Top of Source material
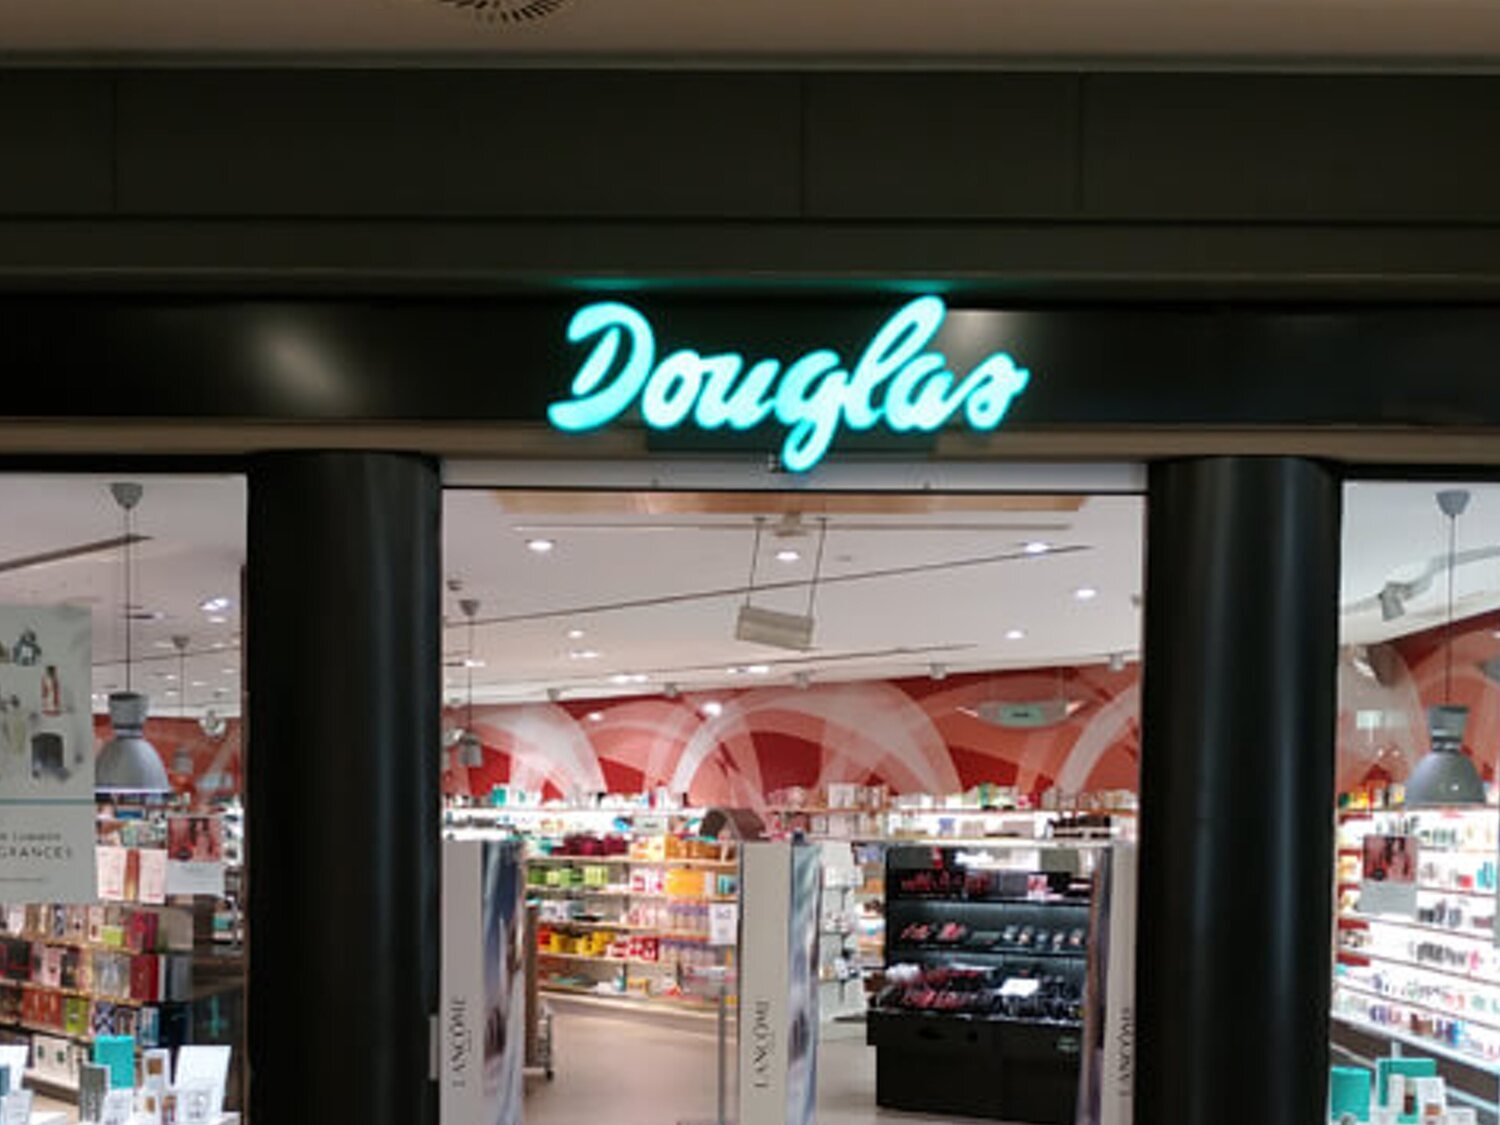 La crisis de Douglas: del auge por toda España a cerrar 7 de cada 10 perfumerías y despedir a casi 1.000 empleados
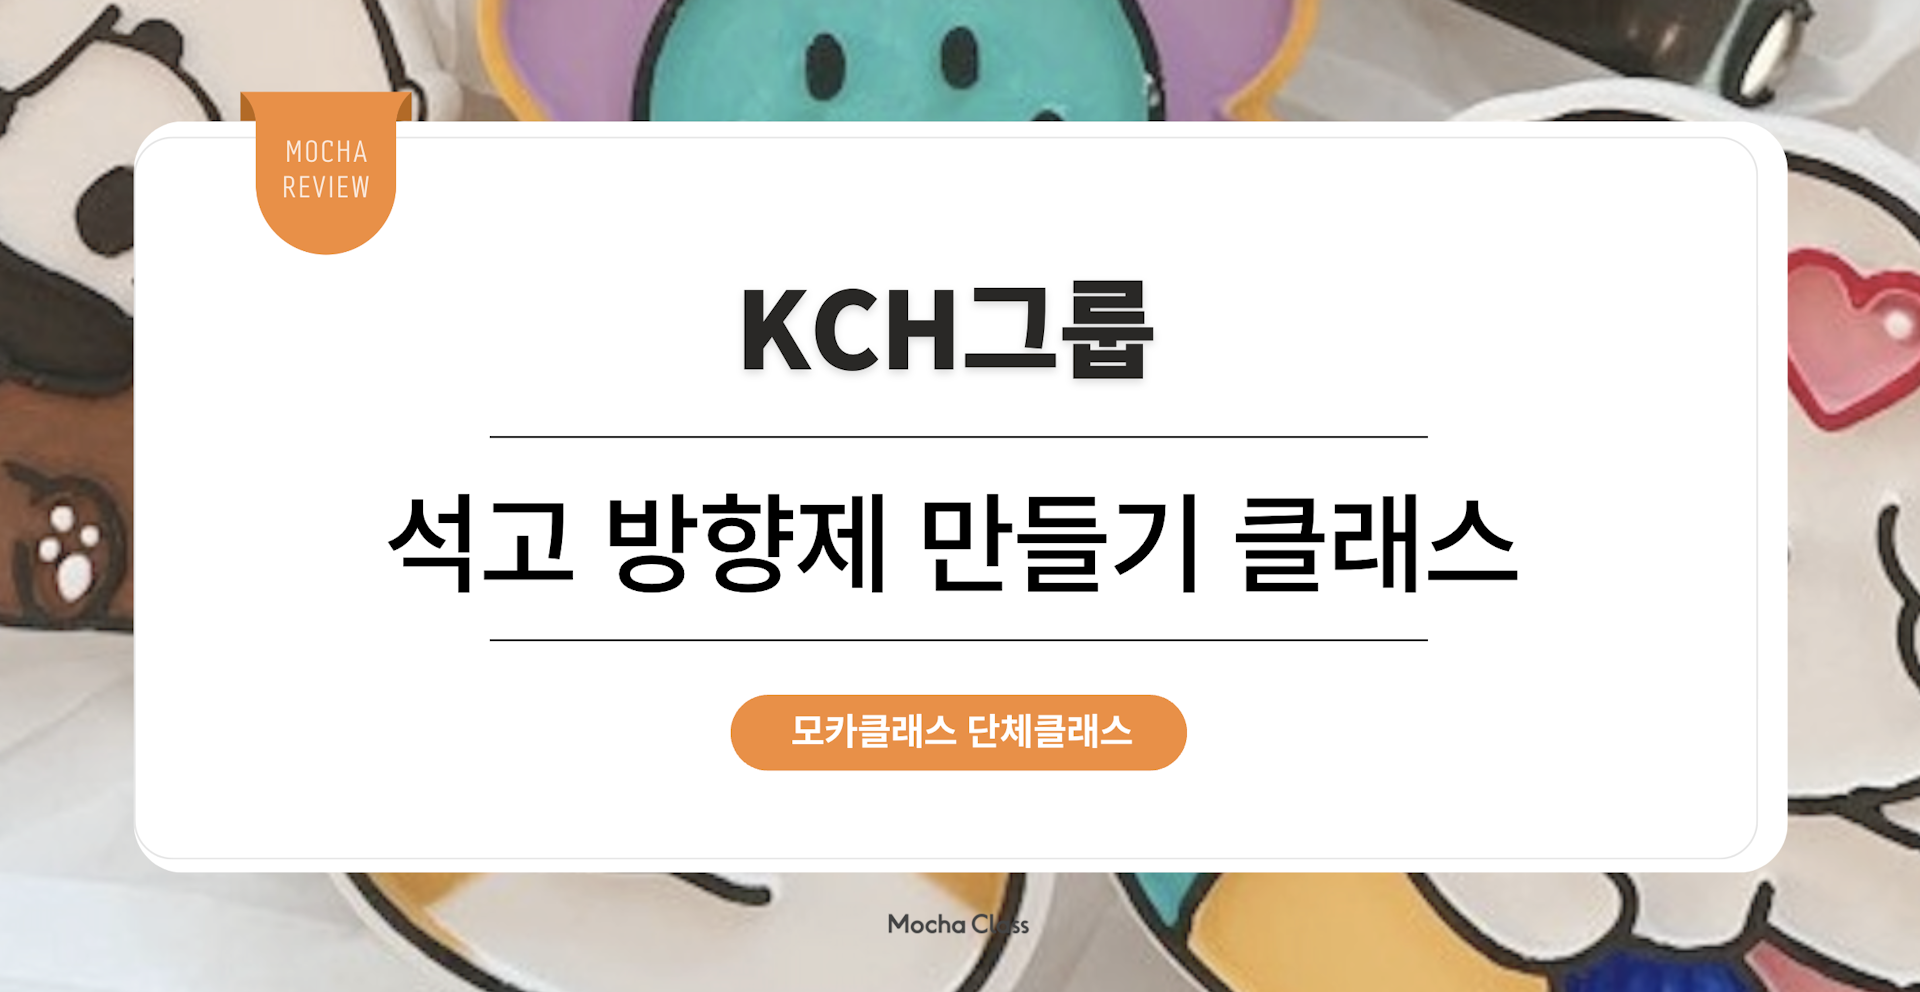  [문화체험프로그램] KCH그룹 : 석고 방향제 만들기 클래스
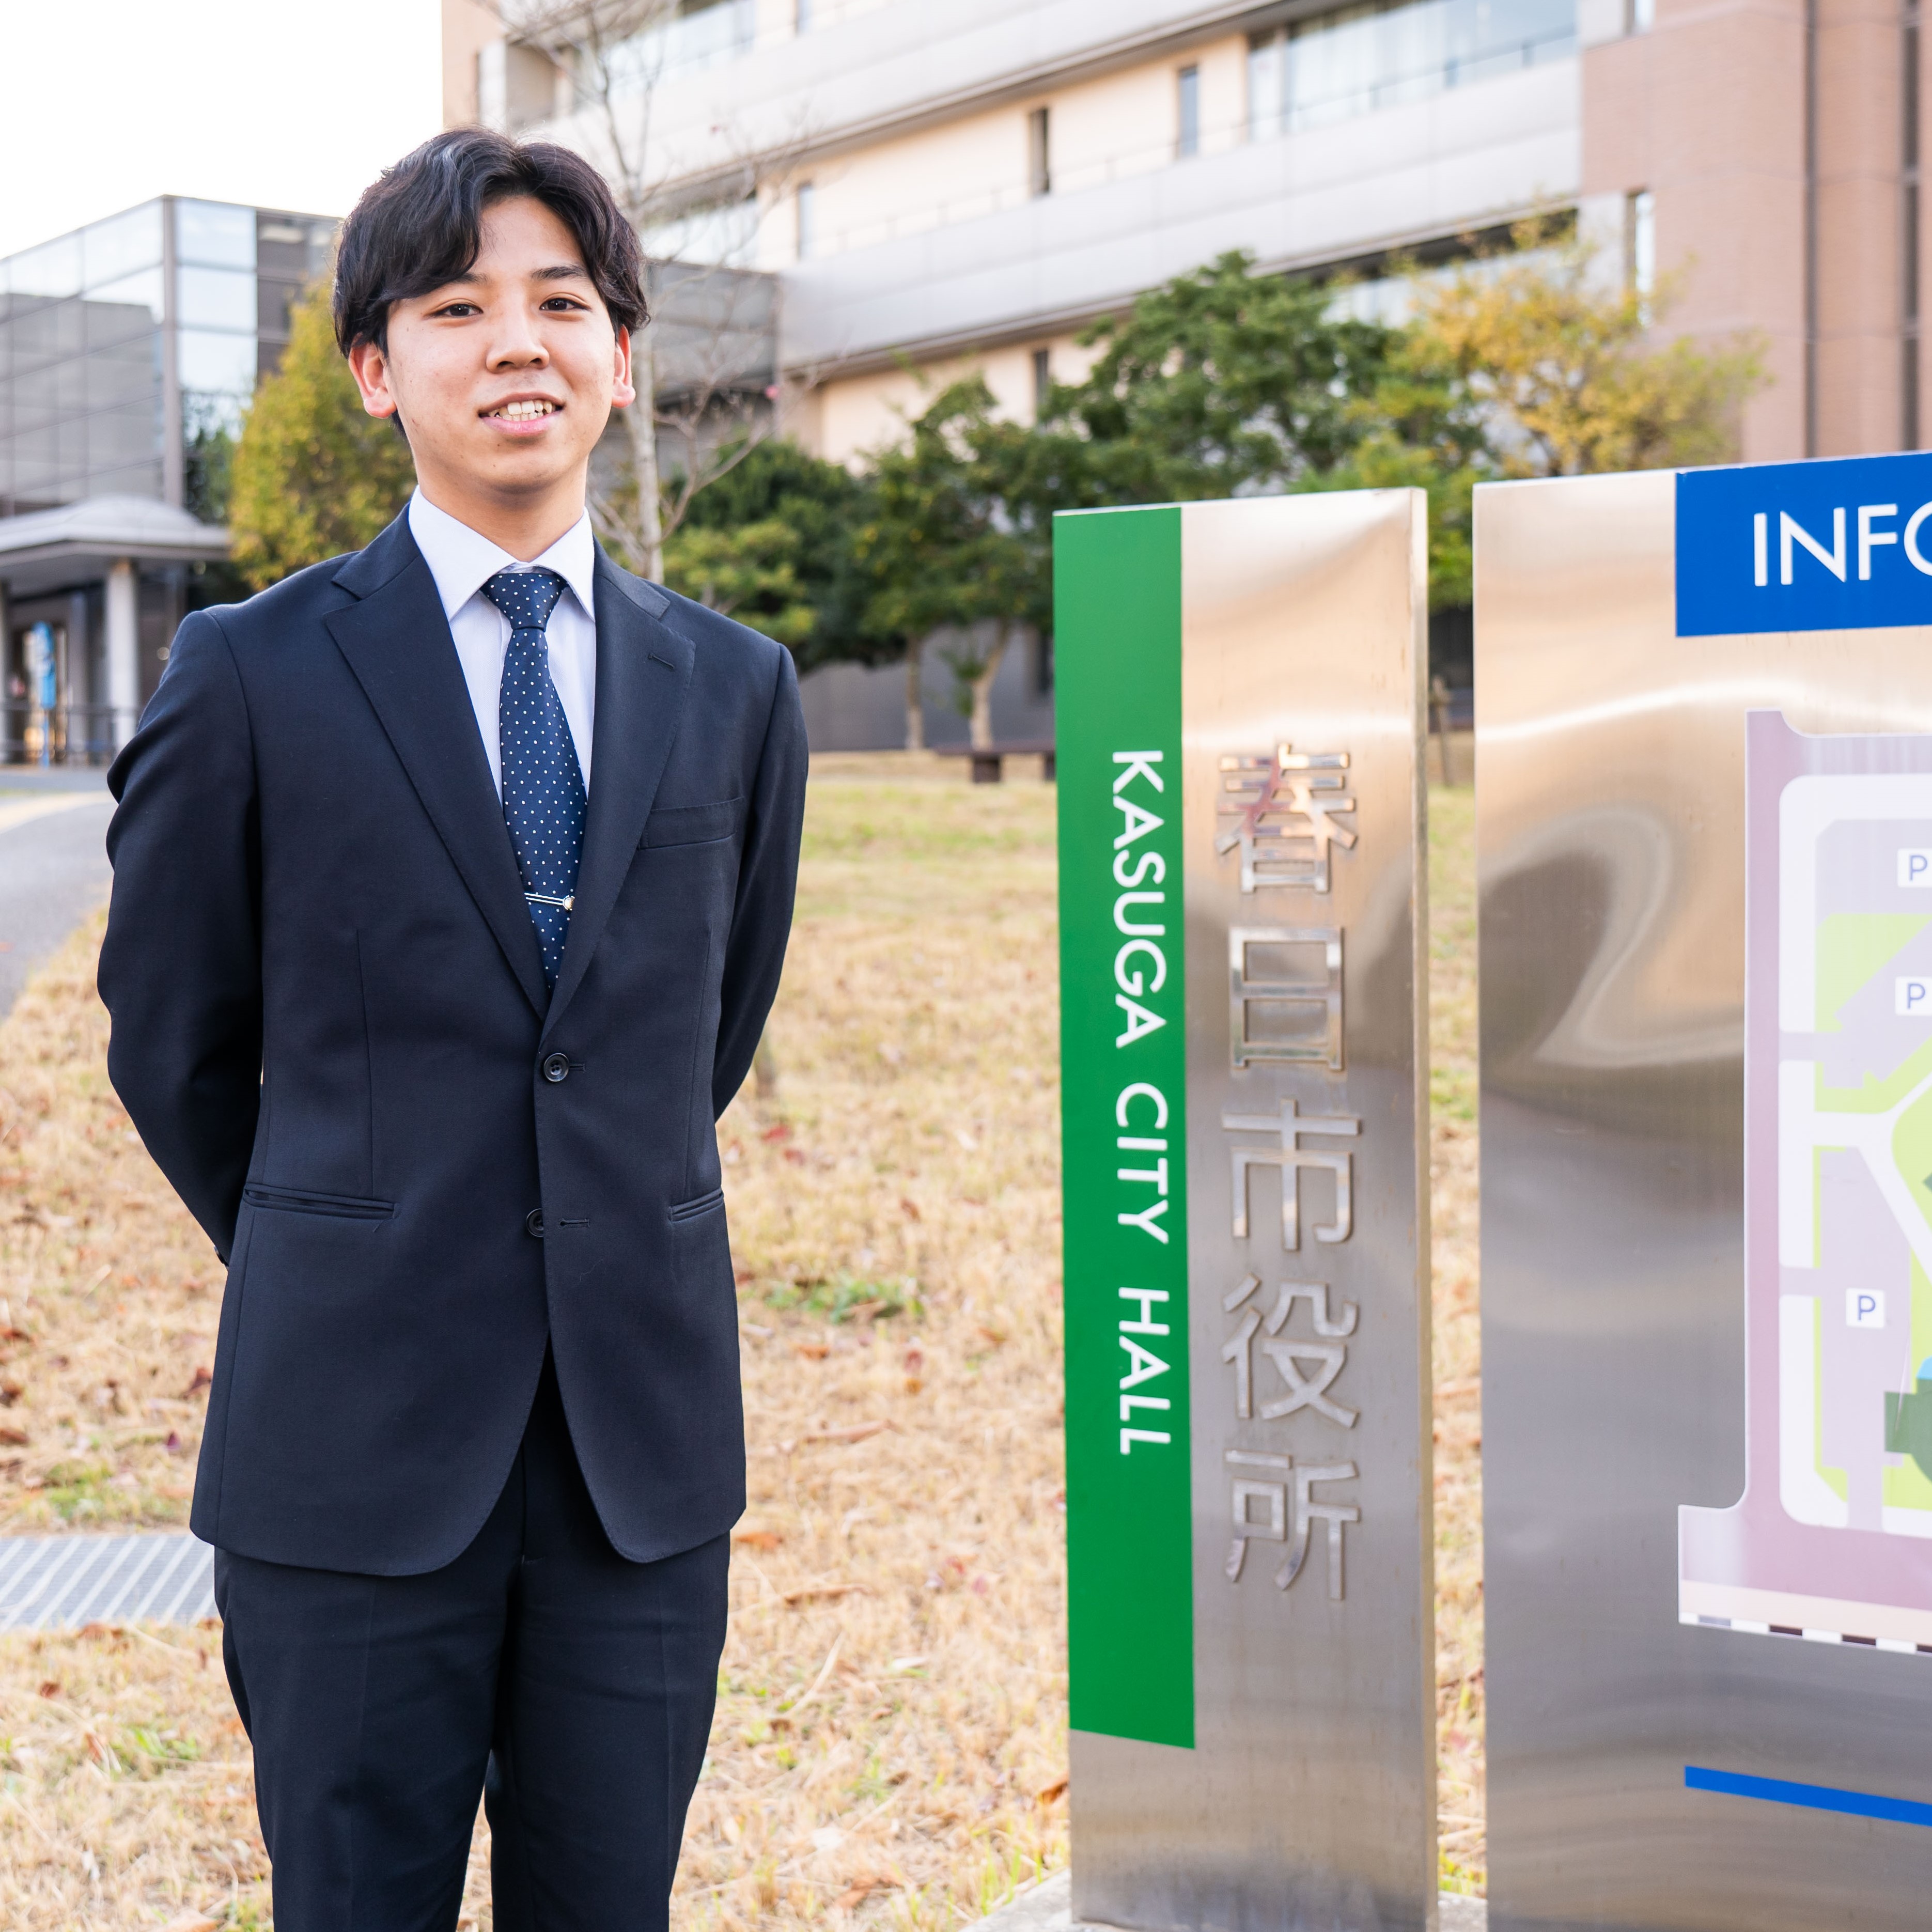 専門学校 福岡カレッジ・オブ・ビジネスのオープンキャンパス
Bottom of Source material
→ Brief: Make an exact copy of the listing above. Do not include the pictures.

→ Result:
 La crisis de Douglas: del auge por toda España a cerrar 7 de cada 10 perfumerías y despedir a casi 1.000 empleados
  [문화체험프로그램] KCH그룹 : 석고 방향제 만들기 클래스
 専門学校 福岡カレッジ・オブ・ビジネスのオープンキャンパス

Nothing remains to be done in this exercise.